§ **DATA TO PROCESS**:
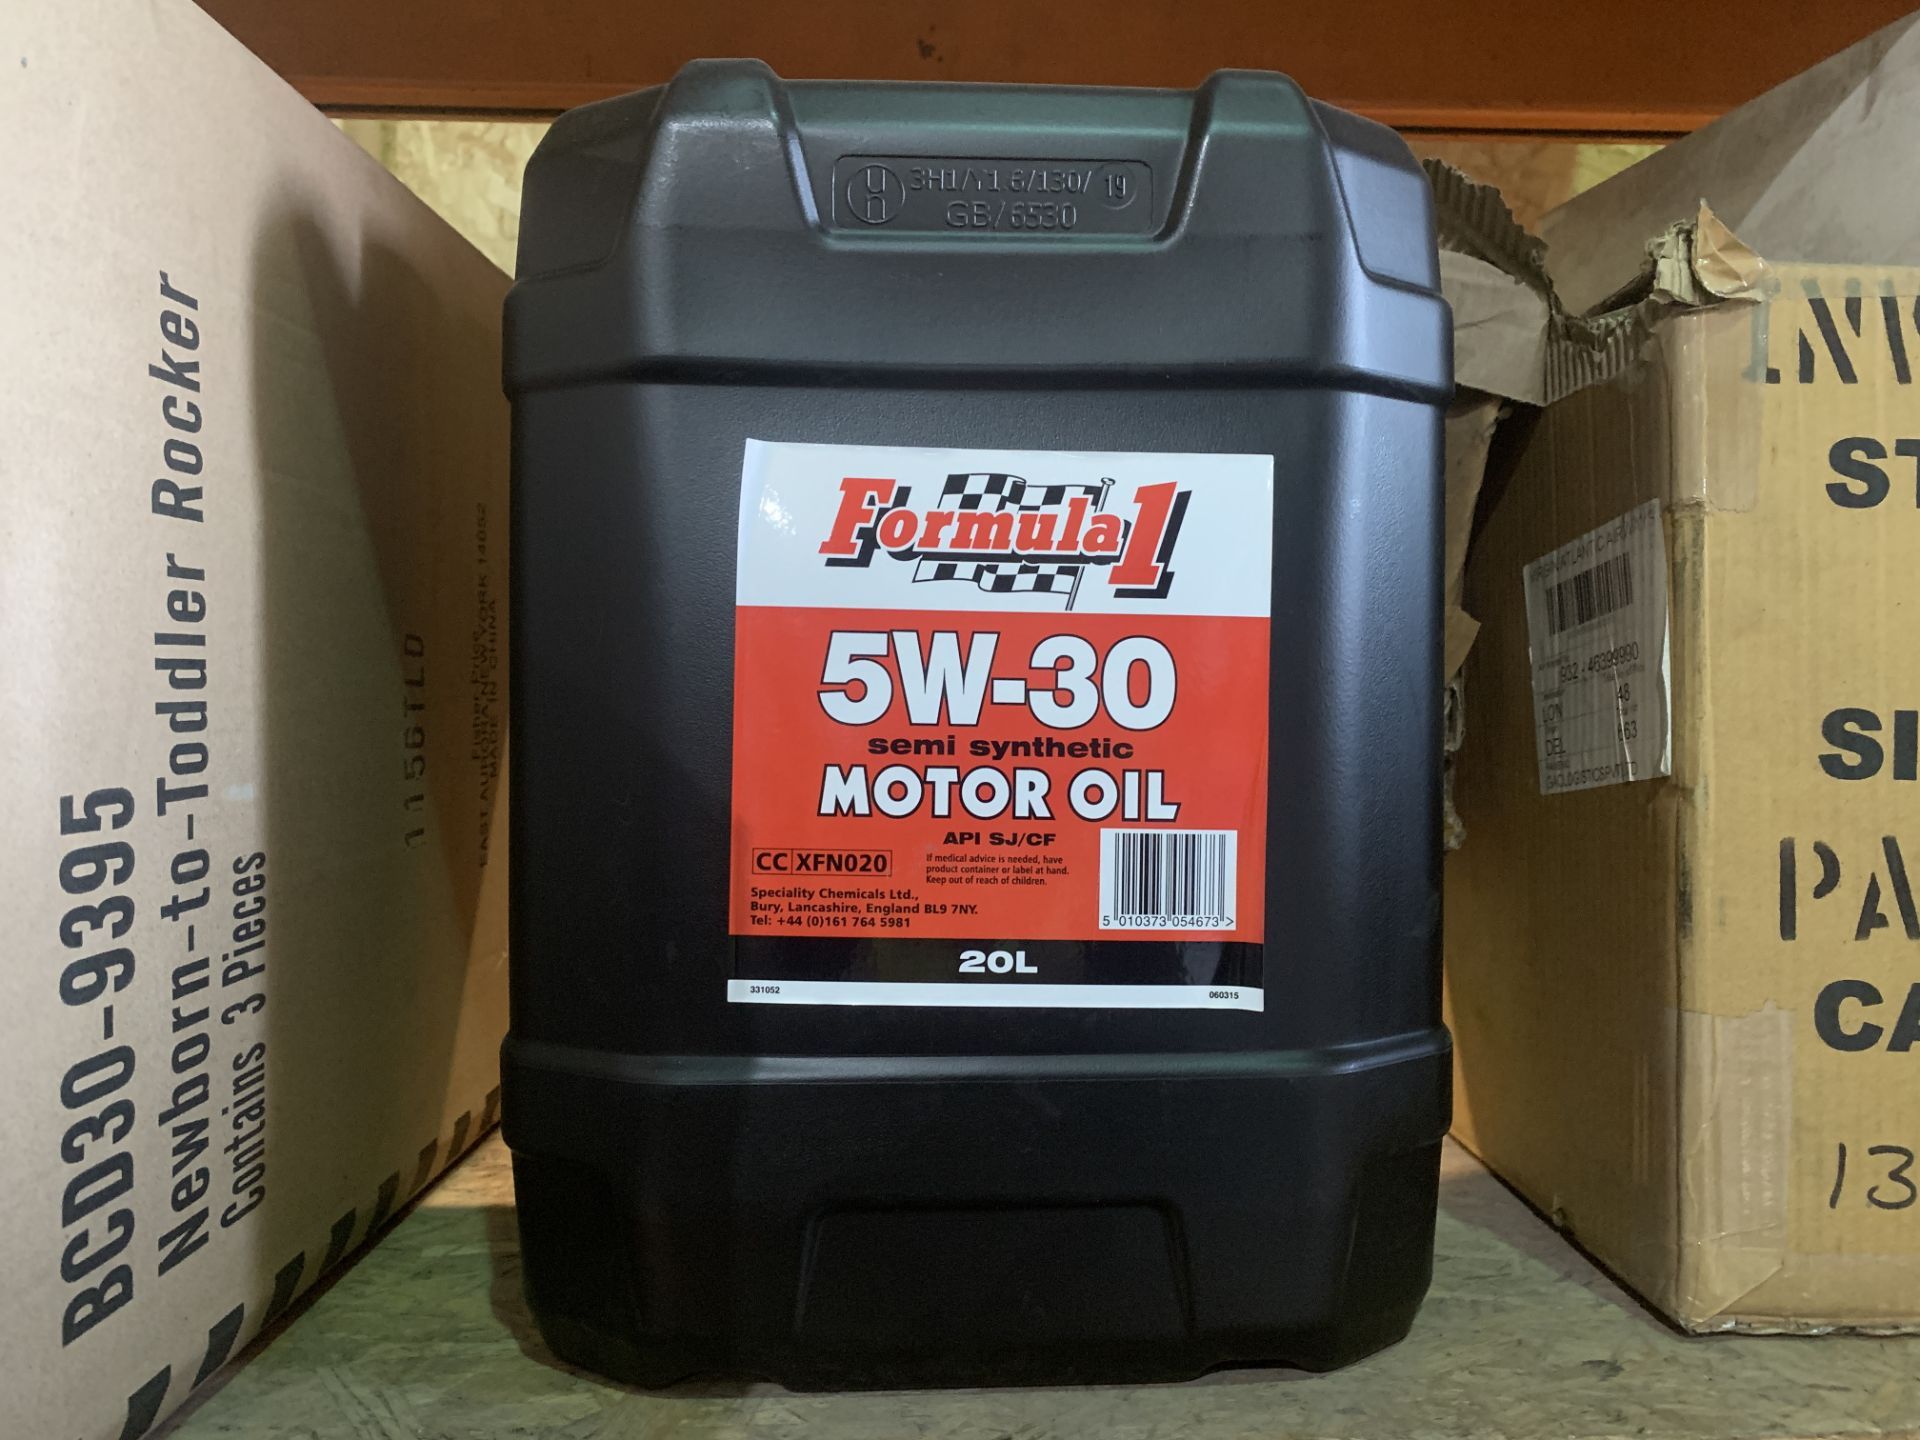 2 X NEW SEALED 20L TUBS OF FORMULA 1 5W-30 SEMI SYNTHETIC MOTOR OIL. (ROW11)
==
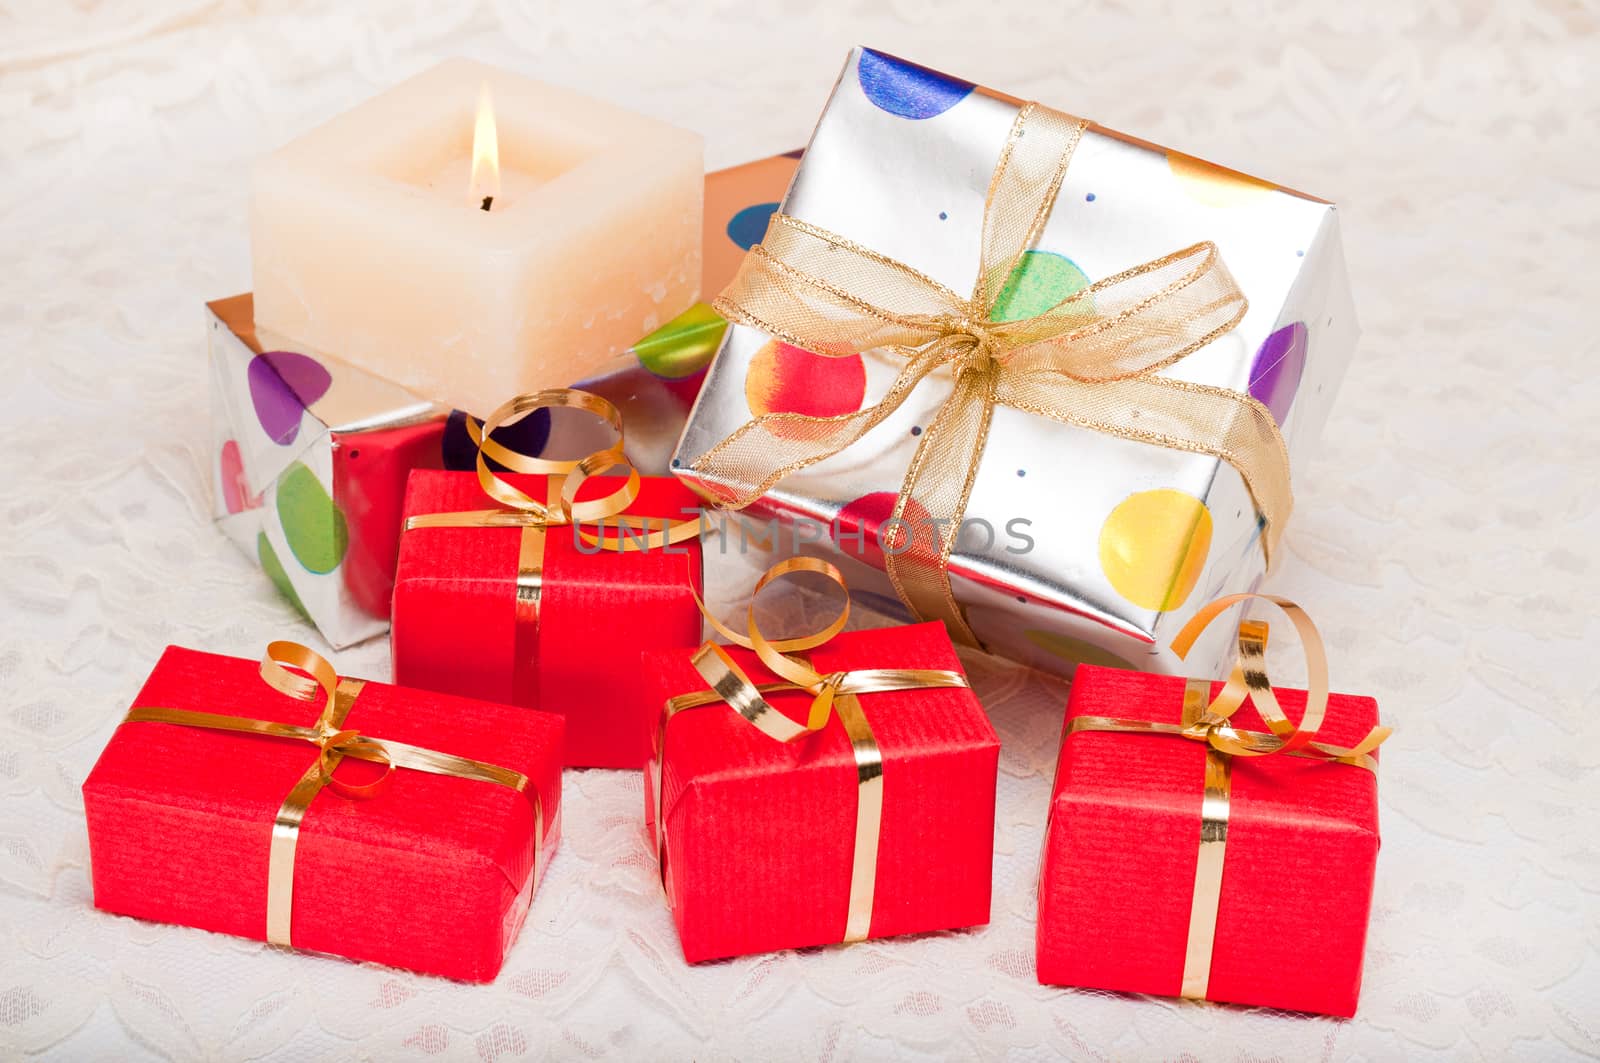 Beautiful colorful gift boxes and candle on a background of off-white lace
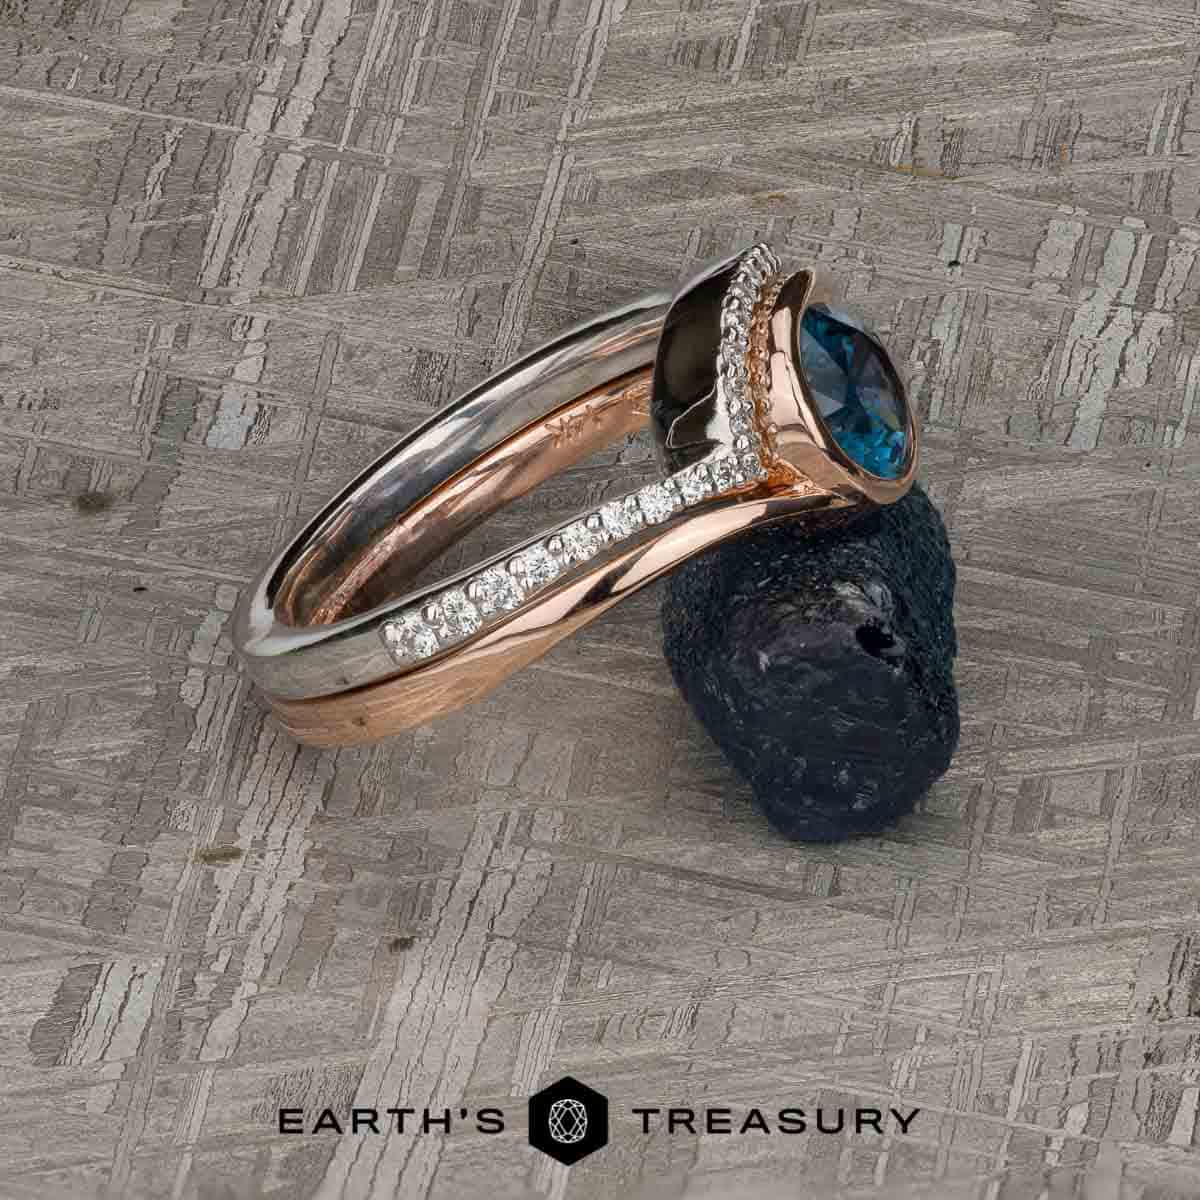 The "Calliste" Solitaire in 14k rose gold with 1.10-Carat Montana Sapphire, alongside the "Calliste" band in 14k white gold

§ **THE PROBLEM**: Set down again, exactly, every line above from the one with "Beautiful colorful gift" down to the one with "14k white gold", both ends included. No pictures, and nothing else.

§ **EXERCISE SOLUTION**:
 Beautiful colorful gift boxes and candle on a background of off-white lace
 The "Calliste" Solitaire in 14k rose gold with 1.10-Carat Montana Sapphire, alongside the "Calliste" band in 14k white gold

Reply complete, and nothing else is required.